She drank from the stream, which tasted cool
and—to her surprise—salty. None of the water around Horizon was
salty. Even the ocean for miles around it was fresh, the salt
consumed by all the fish and marine life that used quintessence to
catch prey, attract a mate, or camouflage themselves. Anywhere else
in the world, this water would have been undrinkable, useless to
her, but here on Horizon, both the salt and the water were
essential to life. She drank eagerly, and, though still hungry,
felt much better.

There were other creatures down here besides
the salamanders. She saw pale fish in the water, giant eyeless
spiders with too many legs skittering out of the light, and
colonies of naked bats hanging from the roof. She needed to catch
one of those fish, and she needed a fire to cook it, but she didn't
see how she was going to manage either one.

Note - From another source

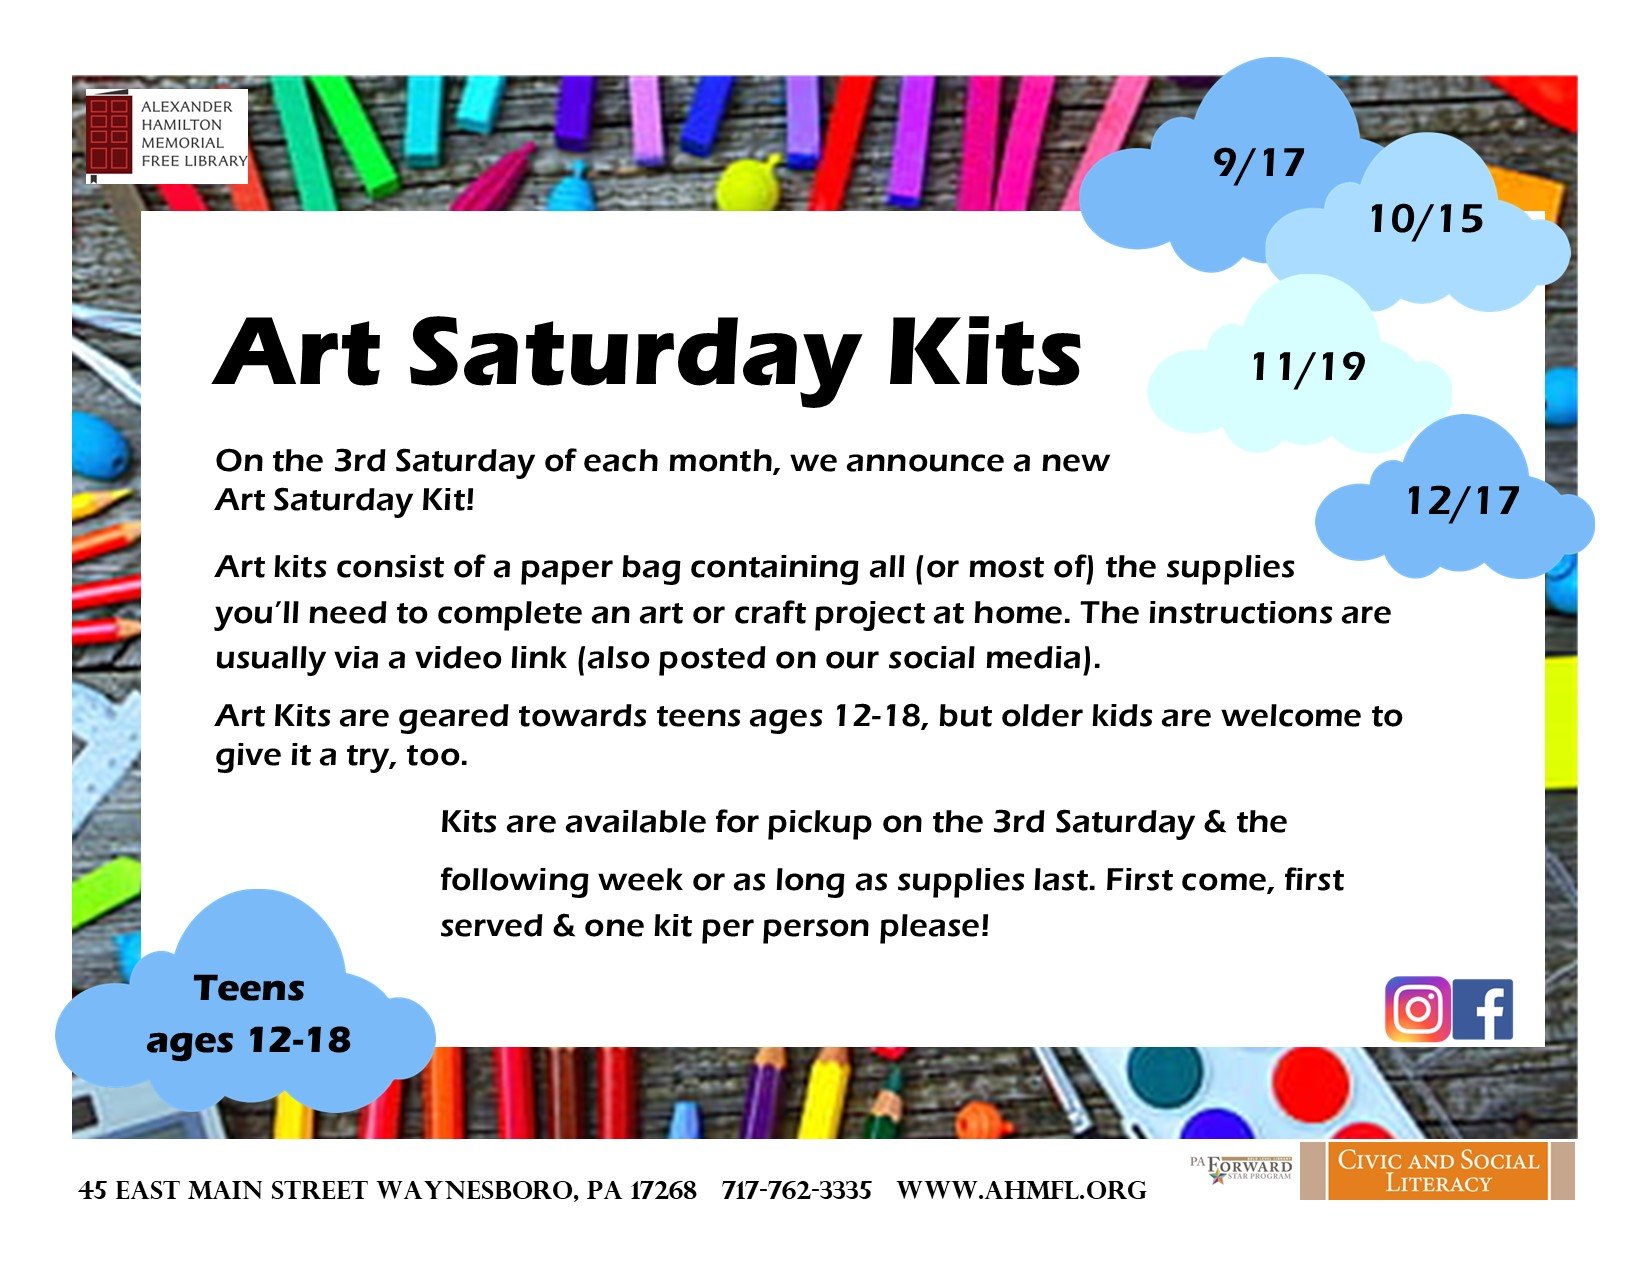 Art Saturday Kits — Alexander Hamilton Memorial Free Library

She followed the stream up to its source, a
rush of water down a smooth wall marbled with mineral deposits. It
flowed out of an opening high above her, but that was no barrier,
not with a fresh supply of salt coursing through her body. She
leaped, adjusting her body weight to control her ascent, and
scrambled up through the opening, soaking her feet.

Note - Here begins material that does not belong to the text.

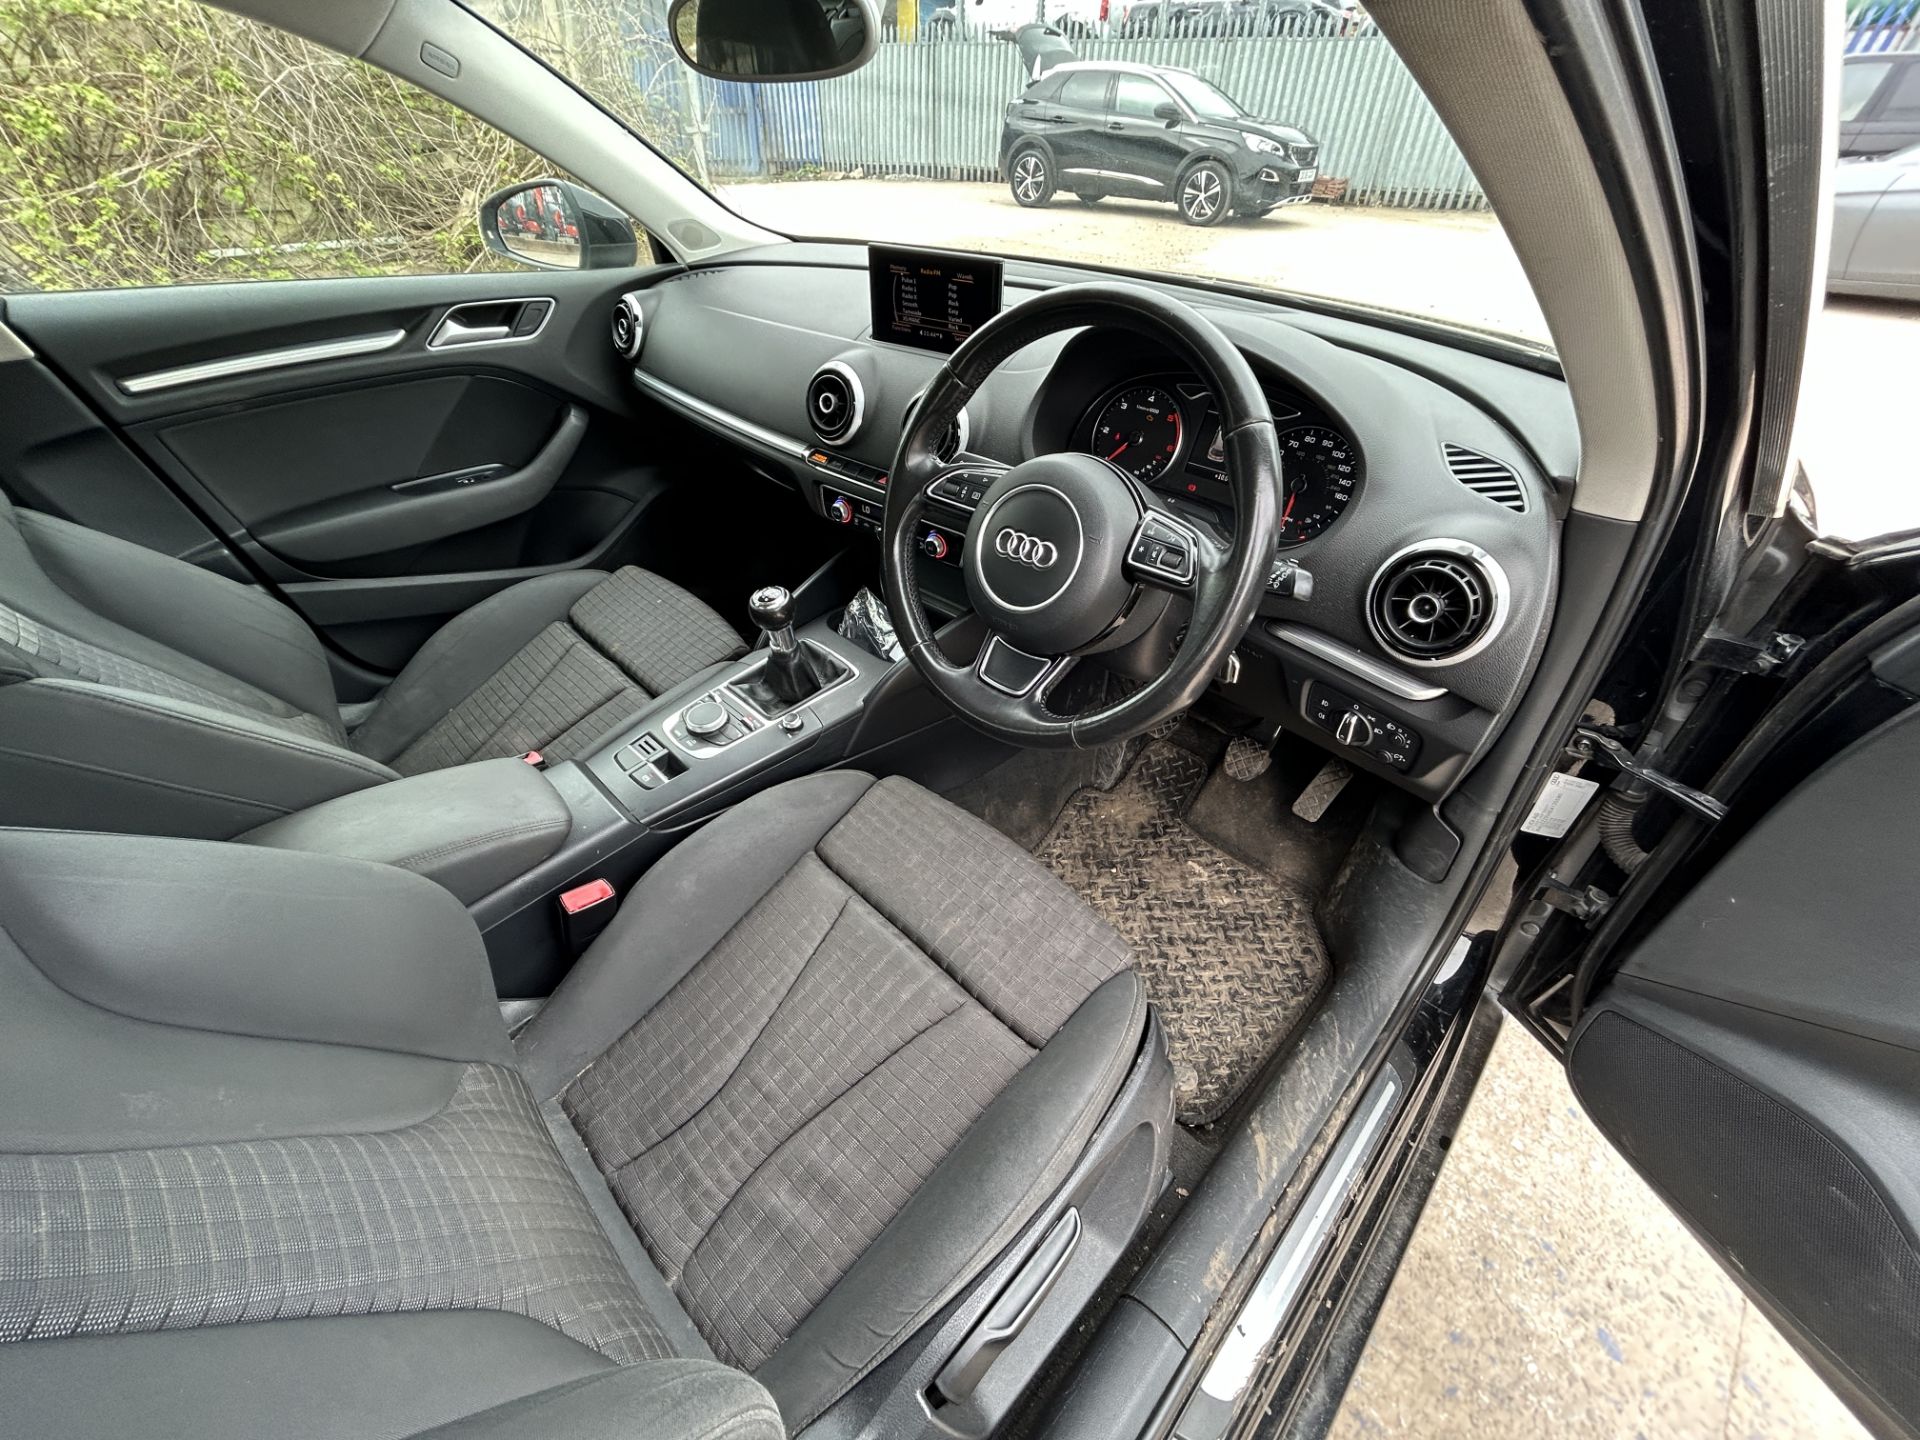 Audi A3 Sport TDI Diesel 5 Door Hatchback | YK14 CLZ | 178,860 Miles - Image 11 of 14

A smaller cave now tunneled back into the
rock, following the water, gradually higher. She continued,
reasoning that it was better to go up than down, and that the water
must come from somewhere outside, though given how far she had
fallen, she held out little hope of climbing to the surface this
way.

She climbed further, not sure what she was
looking for, but knowing that sitting down in despair wouldn't get
her very far either. The lights began slipping away behind her, no
longer following, but she could see another light in the distance,
beyond a bend in the tunnel. She rounded the bend, and found it was
farther away and brighter than she had at first thought. Was it
possible it was sunlight? Could she be coming out through the side
of the mountain?

When she rounded the next bend, the light was
so bright it hurt her eyes, and it definitely was not sunlight. It
reflected off the white surface of the cave wall, and she gasped
when she realized what she was seeing. She licked her finger,
touched it to the wall, and put it back in her mouth. Salt. She
closed her eyes and savored the taste.

There was enough salt here to provide for the
colony for months. Years, depending on how deep it went. She
pressed closer to the light, sliding sideways and shielding her
eyes. Finally, she could see where it was coming from. Hundreds of
shekinah flatworms lined the walls, their bodies pressed to the
salty surface like leeches to a wound. The light from their bodies
flared and blazed in time to their motion. She pressed farther in,
barely able to see, closing her eyes to slits and blocking most of
the light with her hands. The shekinahs surrounded her. She had to
step carefully to avoid crushing them.

As she progressed, the shekinahs grew larger.
The ones at the entrance to the cave were finger-sized, just like
the ones they caught and used for light back in the colony. Farther
in, they were the size of her fist, fat and soft. Beyond that, they
were as big as her head, then bigger still. The larger ones seemed
stretched, pinker and more translucent, and producing less light.
She reached a cavern where the walls and ceiling opened up, still
glistening white with salt. The light was less bright here, and she
could open her eyes. Doing so, she realized her mistake. The
largest shekinahs had legs. They were giants three times as large
as she was, pink, earless, and eyeless, with flat tails and gaping
toothless mouths.

This was the salamanders' lair.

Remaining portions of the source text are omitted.